The biotech bipartisan bill was introduced last Thursday by Senator Charles Schumer of N.Y. and Susan Collins of Maine. In the bill, they proposed giving biotech drugs five years of exclusivity and up to three more years for modifications. Mark Schoenebaum of Deutsche Bank noted, “From the biotech perspective, this is not a positive development. But I think most of the stakeholders understand there’s going to be a compromise on exclusivity.” Personally, I feel that this will not get passed until 2010, and in no way will the exclusivity period be five years on biotech drugs.
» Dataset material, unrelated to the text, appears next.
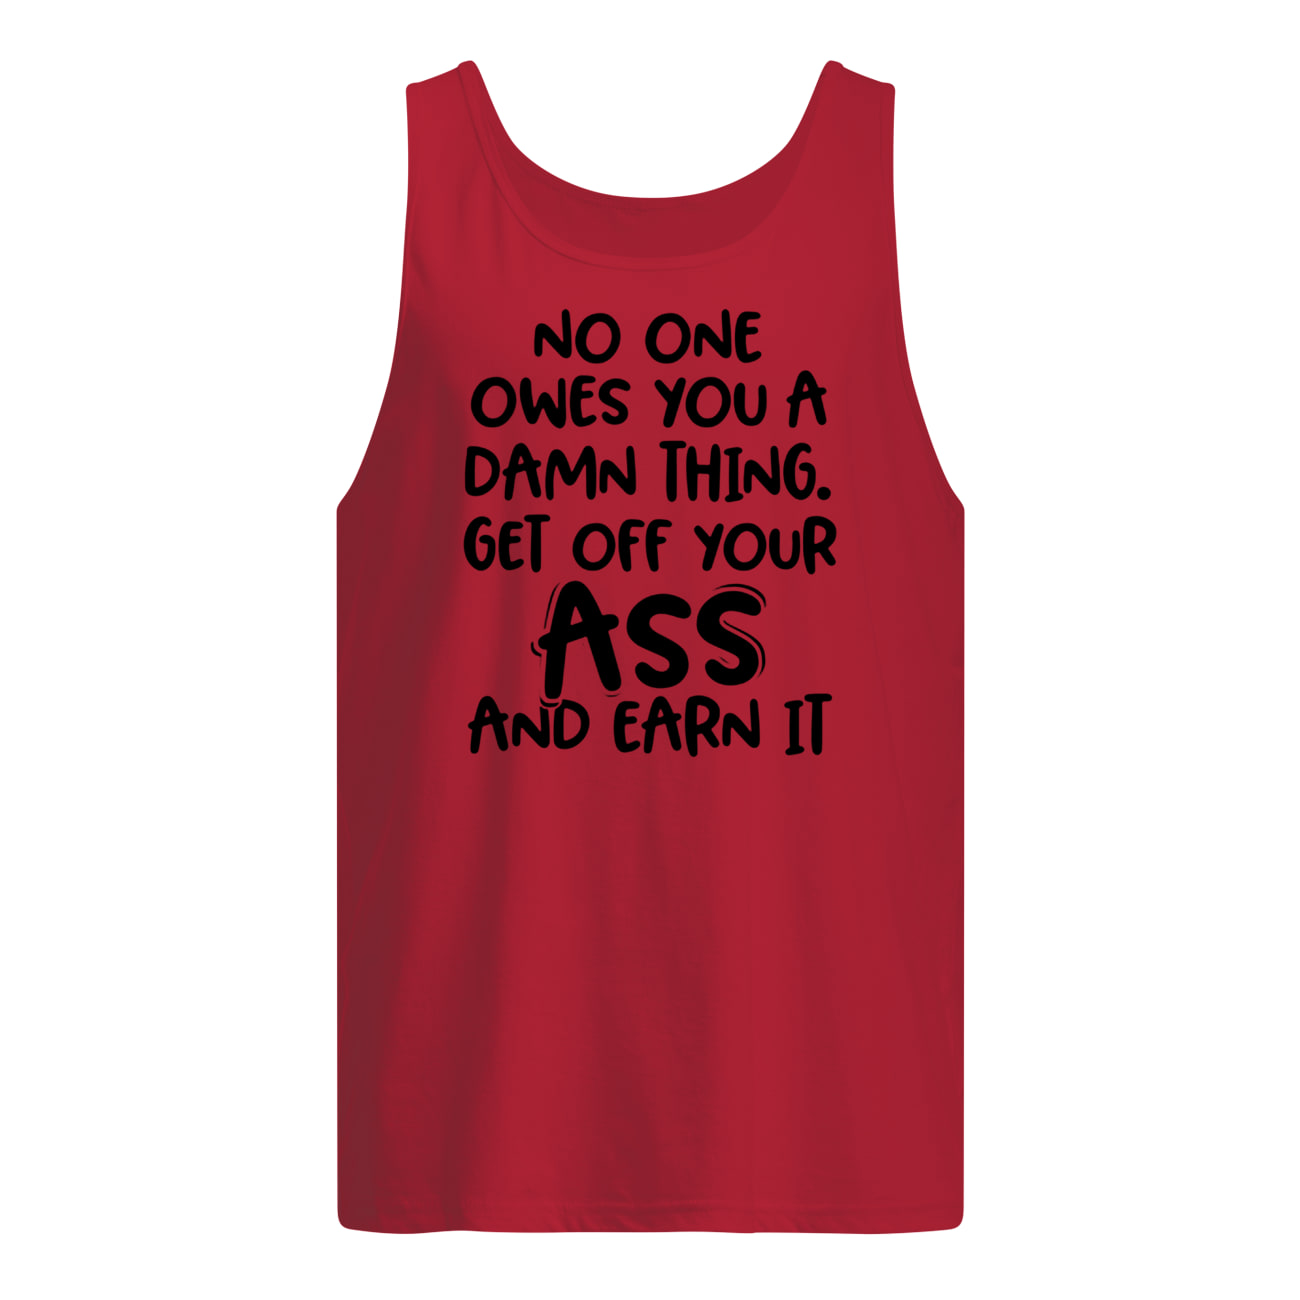 No one owes you a damn thing get off your ass and earn it tank top

Remember, there is a lag with the FDA. They are understaffed and simply do not have the manpower to handle all the incoming applications.
Since the Generic market obviously fits well into the macro approach, what other sub-sectors can you reap benefits from? Well with what I just mentioned, the Pharma/Biotech market does not seem too attractive. But, a company that does have some Pharma/Biotech exposure that I feel worth mentioning is Abbott Laboratories (ABT). Pharmaceuticals made up about 56% of Abbott’s revenues in 2008 led by great sales of Humira. Humira has received FDA approval for six indications:
- Rheumatoid Arthritis (December 2002)
- Psoriatic Arthritis (October 2005)
- Ankylosing Spondylitis (July 2006)
- Crohn’s Disease (February 2007)
- Psoriasis (January 2008)
- Juvenile Idiopathic Arthritis (February 2008)
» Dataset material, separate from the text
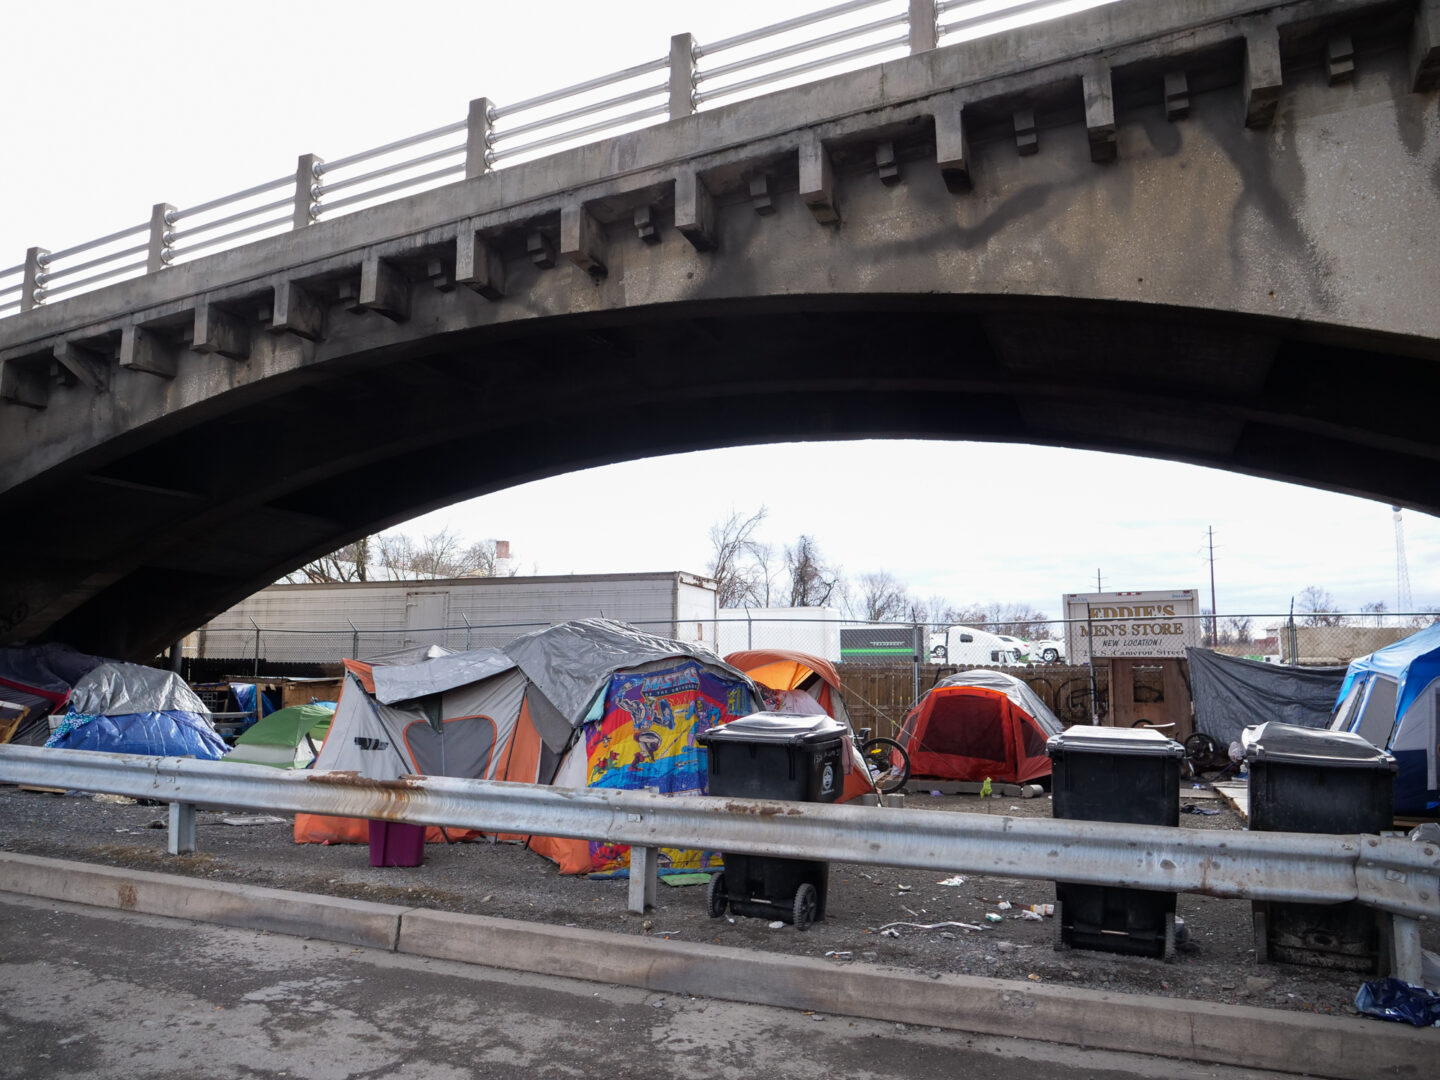 Harrisburg officials have declared the encampment under the Mulberry Street bridge a danger and is forcing all the people living there to move out so it can be cleaned.

Humira is currently going for its seventh use for ulcerative colitis, which is in Phase III testing and is expected to be launched in early 2010. In 2008, Humira had sales of $4.5 billion, which was a 48% increase from the prior year. Furthermore, some analysts have projected Humira sales to reach about $5.6 billion in 2009.
Abbott also has a great Vascular division with its leading Drug Eluting Stent (DES), Xience. It has about 27% U.S. market share, saw worldwide sales of $824 million in 2008, and has projected sales of $1.1 billion in 2009. Another huge development will come from Xience’s expected launch (early 2010) in Japan, where the DES market exceeds $500 million.
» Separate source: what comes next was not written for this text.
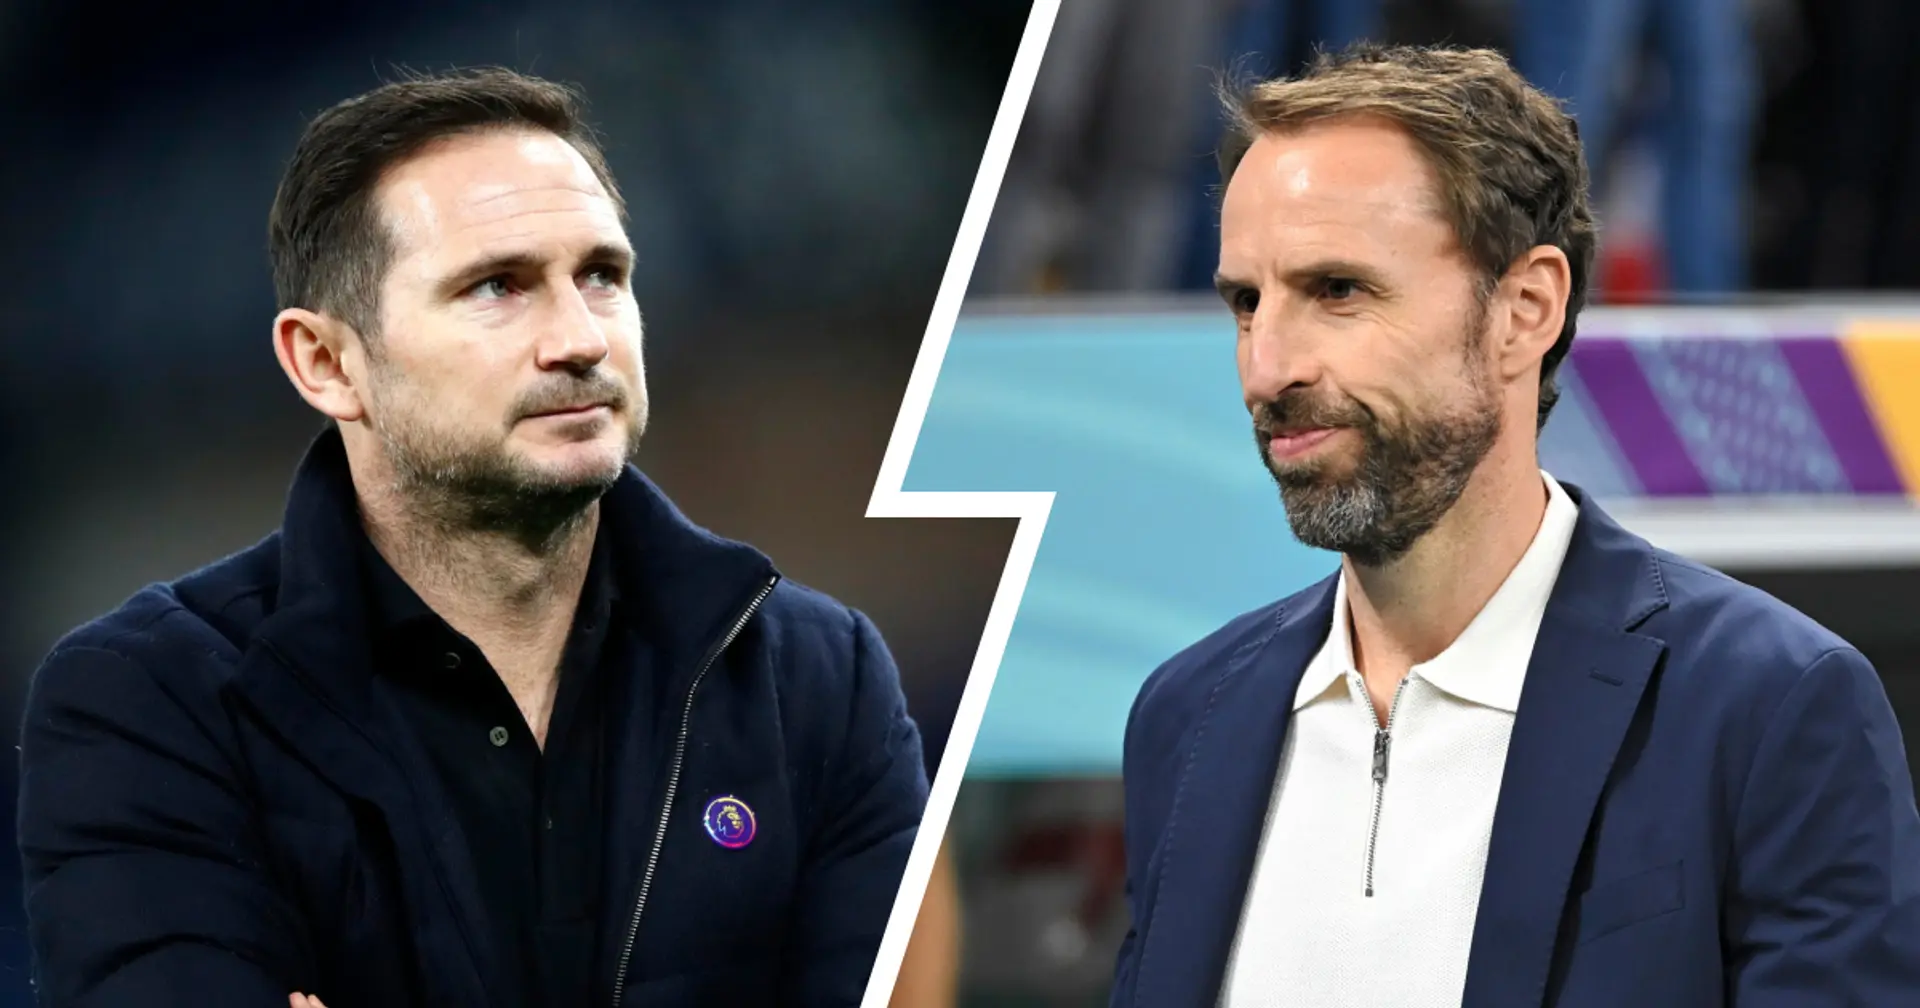 Frank Lampard could be considered for England job if Gareth Southgate resigns - Daily Mail

Aside from these two products and divisions, ABT has a great array of Diabetes and Lipid management drugs and devices. In addition to that strong portfolio, it just acquired Advanced Medical Optics, for $2.8 billion, or $22 per share. Some key facts about the AMO’s market leadership:
- #1 position for LASIK surgery
- #2 position in cataract surgery
- #3 position in eye care solutions
Although LASIK surgery is somewhat discretionary, the acquisition will be a long-term footprint for ABT and adds diversification to its revenue stream. Healthcare saw JNJ make two acquisitions late last year, and ABT has followed suit and done quite well. Nevertheless, Abbott Laboratories has a great portfolio of drugs, products, and devices to weather any market.
There you have it: two picks, Abbott Laboratories and Teva Pharmaceuticals, that I feel will perform well considering both the sector and macro trends. The underlying political uncertainties have only added to the volatility and complexity of the sector, but given Teva’s global leadership in the generic market and Abbott’s diversified revenue sources, I think these companies will be steady, bright spots for your portfolio.
Disclosure: The Fund the author is associated with is long ABT, GILD, JNJ, and TEVA.